Festnetztelefone? Ernsthaft?
Egal ob beruflich oder im privaten Bereich implizieren diese Geräte eine Präsenzpflicht am Platz. Festnetztelefone sind wie ein Relikt aus alten Zeiten. Wie ein Dinosaurier mitten im modernen Leben. In welchem Kontext auch immer, ist die zugrunde liegende Annahme von einem Festnetztelefon, dass ich mich zu einem Großteil meiner Zeit an ein und dem selben Ort aufhalte. Für Flexibilität und Spontanität ist in diesem Konstrukt per Definition nicht viel Platz - beides Eigenschaften die in unserer VUCA-Welt entscheident für Erfolg sind. Es gibt natürlich Ausnahmen, die einen Festnetzanschluss inkl. Telefonhörerspiralkabel aus grauer Vorzeit tatsächlich notwendig machen; ich bin jedoch der Überzeugung, dass diese Ausnahmen viel dünner gesäht sind, als man zunächst vermutet. Was ich sehe ist ein Brachiosaurus, der der Freiheit der Menschen im Weg steht. Privat und beruflich ist es die subtile Kontrolle, die auf mich einwirkt, wenn ich an einem feststehenden Apparat erreichbar sein muss. Diese Erwartungshaltung ist einfach nicht mehr zeitgemäß. Wir sind einen entscheidenden Schritt weiter in der Kommunikation - lasst ihn uns genießen.
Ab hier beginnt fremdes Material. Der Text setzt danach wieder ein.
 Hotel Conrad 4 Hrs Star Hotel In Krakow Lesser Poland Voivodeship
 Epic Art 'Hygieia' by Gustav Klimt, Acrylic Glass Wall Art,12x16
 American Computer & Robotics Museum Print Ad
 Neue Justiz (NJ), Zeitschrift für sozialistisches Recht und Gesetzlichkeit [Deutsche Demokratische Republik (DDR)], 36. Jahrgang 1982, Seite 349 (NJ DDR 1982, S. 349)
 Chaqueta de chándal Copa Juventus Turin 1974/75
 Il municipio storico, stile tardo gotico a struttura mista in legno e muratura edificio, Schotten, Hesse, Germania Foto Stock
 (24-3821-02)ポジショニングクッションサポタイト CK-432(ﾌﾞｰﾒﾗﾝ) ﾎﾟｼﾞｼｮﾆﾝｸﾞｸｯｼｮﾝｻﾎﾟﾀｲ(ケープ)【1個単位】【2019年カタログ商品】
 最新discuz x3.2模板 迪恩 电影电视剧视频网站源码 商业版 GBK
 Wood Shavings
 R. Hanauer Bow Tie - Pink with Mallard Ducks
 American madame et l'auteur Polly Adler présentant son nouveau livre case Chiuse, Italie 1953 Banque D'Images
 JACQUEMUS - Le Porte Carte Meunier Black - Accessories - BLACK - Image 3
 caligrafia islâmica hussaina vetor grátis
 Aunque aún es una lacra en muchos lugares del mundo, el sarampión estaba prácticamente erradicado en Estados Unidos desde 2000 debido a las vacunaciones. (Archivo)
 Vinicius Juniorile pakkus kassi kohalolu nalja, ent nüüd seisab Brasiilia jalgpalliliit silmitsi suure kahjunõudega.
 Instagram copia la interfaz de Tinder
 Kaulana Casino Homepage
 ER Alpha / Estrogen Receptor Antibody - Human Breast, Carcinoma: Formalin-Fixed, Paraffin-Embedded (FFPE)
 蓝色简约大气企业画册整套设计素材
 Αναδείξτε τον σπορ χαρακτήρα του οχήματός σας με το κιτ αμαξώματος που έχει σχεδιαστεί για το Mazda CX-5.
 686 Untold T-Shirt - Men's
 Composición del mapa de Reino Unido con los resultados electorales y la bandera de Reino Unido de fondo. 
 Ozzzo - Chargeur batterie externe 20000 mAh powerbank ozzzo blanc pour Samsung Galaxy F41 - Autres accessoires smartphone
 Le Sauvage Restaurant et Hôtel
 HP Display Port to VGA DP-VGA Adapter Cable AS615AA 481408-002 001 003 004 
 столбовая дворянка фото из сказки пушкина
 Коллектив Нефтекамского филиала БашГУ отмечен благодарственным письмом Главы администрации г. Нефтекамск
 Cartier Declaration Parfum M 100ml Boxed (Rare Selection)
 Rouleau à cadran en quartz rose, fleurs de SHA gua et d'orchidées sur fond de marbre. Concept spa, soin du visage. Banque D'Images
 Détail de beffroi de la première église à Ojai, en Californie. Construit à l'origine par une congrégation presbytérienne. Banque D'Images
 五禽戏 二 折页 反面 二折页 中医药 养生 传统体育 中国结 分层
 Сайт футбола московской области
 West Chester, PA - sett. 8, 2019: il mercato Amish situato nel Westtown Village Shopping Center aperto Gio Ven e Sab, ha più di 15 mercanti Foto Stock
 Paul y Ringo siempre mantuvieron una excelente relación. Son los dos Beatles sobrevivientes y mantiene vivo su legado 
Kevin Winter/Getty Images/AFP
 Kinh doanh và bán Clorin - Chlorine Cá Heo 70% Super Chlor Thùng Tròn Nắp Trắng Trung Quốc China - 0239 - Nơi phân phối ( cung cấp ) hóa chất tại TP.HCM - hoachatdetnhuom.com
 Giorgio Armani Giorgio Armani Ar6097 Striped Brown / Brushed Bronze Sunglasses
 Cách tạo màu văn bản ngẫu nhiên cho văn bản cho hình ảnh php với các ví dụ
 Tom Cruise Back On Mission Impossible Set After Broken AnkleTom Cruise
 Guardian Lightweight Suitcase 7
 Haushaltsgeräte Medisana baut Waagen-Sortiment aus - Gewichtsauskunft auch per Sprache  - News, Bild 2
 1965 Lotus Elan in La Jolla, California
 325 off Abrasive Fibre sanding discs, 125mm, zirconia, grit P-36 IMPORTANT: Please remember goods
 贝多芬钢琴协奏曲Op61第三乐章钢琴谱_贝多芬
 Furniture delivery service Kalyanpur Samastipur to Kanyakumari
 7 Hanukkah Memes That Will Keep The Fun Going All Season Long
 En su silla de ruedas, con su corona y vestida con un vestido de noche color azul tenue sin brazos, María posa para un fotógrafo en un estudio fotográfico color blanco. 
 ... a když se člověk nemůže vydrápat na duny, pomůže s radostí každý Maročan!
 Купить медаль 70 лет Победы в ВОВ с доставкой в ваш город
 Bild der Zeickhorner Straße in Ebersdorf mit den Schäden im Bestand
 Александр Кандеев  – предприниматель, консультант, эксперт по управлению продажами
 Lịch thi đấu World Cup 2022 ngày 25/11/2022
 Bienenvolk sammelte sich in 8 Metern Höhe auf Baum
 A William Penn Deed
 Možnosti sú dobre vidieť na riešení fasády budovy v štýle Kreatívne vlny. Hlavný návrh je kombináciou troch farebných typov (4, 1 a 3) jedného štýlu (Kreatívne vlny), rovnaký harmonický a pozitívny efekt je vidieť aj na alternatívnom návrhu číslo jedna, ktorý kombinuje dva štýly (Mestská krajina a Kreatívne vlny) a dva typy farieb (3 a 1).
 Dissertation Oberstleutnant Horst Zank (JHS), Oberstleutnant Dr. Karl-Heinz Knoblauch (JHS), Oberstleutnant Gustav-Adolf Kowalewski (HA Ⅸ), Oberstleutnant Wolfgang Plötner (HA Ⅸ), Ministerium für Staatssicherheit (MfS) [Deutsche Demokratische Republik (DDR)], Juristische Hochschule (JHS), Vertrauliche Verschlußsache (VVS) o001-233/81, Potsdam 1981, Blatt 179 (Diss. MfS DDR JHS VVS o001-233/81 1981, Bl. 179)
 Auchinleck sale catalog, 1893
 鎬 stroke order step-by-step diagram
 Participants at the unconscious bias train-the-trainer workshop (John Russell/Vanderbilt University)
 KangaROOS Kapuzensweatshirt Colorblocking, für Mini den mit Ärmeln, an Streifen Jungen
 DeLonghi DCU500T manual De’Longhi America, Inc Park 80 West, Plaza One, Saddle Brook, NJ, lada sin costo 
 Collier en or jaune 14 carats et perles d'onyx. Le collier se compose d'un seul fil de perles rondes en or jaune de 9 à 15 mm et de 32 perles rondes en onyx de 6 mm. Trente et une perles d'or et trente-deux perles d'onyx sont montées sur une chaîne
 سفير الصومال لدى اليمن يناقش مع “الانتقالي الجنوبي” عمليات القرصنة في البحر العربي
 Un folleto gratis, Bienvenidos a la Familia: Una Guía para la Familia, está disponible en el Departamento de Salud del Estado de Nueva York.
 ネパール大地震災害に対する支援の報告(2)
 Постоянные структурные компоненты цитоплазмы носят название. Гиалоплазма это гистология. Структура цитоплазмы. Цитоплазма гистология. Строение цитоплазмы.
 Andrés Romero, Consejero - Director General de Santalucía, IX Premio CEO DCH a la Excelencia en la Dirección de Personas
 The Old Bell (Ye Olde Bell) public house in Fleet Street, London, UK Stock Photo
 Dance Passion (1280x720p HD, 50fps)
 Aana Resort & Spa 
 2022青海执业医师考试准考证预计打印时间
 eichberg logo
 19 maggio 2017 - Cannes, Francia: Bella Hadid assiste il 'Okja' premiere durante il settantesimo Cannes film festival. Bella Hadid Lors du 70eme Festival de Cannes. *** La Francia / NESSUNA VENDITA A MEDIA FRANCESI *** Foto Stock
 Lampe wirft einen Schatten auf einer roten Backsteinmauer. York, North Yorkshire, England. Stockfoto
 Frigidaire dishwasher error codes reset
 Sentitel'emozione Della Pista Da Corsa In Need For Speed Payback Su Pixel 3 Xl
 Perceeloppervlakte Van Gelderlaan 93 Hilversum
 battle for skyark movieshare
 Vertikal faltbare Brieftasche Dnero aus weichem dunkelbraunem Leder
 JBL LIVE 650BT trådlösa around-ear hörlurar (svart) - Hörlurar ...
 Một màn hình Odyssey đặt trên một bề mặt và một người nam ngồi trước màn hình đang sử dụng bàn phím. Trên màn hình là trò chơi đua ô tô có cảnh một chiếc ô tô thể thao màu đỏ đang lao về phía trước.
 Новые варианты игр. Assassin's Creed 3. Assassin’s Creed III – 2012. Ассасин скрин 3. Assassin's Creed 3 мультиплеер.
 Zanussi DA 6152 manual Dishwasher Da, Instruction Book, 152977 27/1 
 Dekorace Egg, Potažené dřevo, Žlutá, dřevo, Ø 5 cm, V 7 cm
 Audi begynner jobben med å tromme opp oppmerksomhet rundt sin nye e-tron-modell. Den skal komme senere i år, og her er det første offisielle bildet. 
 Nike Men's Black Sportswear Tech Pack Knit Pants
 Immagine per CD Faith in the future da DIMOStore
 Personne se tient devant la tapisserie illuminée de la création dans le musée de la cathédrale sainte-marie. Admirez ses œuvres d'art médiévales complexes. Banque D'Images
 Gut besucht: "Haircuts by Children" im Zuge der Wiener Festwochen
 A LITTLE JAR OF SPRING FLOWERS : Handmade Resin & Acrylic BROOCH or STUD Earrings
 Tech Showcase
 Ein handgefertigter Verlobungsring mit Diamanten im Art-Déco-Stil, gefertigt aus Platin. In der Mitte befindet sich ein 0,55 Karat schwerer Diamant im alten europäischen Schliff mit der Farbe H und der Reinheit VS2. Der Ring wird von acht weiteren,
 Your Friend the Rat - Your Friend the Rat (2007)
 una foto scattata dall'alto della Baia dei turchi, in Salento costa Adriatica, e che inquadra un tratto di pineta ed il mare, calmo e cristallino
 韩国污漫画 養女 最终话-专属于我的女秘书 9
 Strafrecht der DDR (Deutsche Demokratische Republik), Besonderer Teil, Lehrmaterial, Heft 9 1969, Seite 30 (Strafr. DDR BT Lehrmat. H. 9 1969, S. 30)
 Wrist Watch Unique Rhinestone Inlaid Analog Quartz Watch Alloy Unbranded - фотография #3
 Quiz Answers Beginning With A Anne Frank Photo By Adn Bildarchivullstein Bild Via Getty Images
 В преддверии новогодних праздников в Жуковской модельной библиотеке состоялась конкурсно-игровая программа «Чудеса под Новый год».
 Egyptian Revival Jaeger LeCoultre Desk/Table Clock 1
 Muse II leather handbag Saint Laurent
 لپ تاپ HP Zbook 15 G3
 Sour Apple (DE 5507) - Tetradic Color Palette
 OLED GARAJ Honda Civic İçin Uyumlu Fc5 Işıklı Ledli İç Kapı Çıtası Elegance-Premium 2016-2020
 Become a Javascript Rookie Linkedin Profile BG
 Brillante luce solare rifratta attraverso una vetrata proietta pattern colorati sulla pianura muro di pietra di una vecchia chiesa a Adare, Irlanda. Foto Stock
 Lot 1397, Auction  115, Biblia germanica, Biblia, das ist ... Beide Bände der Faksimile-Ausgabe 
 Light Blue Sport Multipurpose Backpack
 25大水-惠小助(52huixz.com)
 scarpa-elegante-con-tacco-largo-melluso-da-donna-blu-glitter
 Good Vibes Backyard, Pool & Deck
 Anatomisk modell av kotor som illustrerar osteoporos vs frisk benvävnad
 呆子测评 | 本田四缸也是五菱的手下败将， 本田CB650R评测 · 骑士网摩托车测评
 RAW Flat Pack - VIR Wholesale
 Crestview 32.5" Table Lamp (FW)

Auslöser für diese Zeilen ist folgende Frage, die ich immer wieder mitbekomme:
“Wo waren Sie? ich konnte Sie nicht erreichen!”
An dieser Frage ist alles falsch, was irgendwie falsch sein kann. Wo ich war? In der Kantine ... im Wald … Faltschirmspringen ... alles ist möglich - und es sollte jedem außer mir egal sein. Der casus knacksus bei Festnetztelefonen ist, dass das buchstäbliche Anleinen impliziert, dass genau nicht alles möglich ist.
Agile und innovative Unternehmensorganisation und Festnetztelefone sind für mich wiedersprüchlich. Es hat niemanden zu interessieren, wo ich war. Auch als Vorgesetzter bin ich doch kein bisschen daran interessiert, wie viel Zeit meine Mitarbeiter wo verbringen. Ich bezahle sie für ihren geschäftlichen Mehrwert und nicht für das Absitzen von Zeit an einem bestimmtem Ort. Solltest du so eine Frage hören, riecht das sehr stark nach einer ausgeprägten Absitzkultur.
Handy heißt nicht automatisch permanente Erreichbarkeit. Auch wenn du kein Firmenhandy hast, dann kannst du auf deinem privaten Gerät einfach konfigurieren, wer dich wann überhaupt erreichen kann oder mit Dual-SIMs arbeiten. Das kostet uns einmal Zeit für das Einrichten, erspart uns aber ungleich viel mehr sinnlos angeleinte Zeit.
Es ist wirklich befreiend, wenn das Umfeld nicht mehr auf räumliche Anwesenheit setzt. In meinem ersten Job als Unternehmensberater hatte die ganze Organisation zum Beispiel Diensthandys. Für die Kunden, die auf Festnetznummern wert legten hatte jeder auch eine solche virtuelle Nummer, die dann direkt aufs Handy geleitet wurde. Keinerlei Zwang in irgendeinem Büro die Zeit neben einem Telefonhörer zu sitzen. Herrlich.
Lass dich nicht anleinen! Leite alle deine Anrufe aufs Handy weiter und erziehe deine Kollegen und Freunde dazu, dass du "angekettet" nicht erreichbar bist. Die Dynamik im Umfeld ändert sich zum positiven, wenn man tatsächlich mobil wird.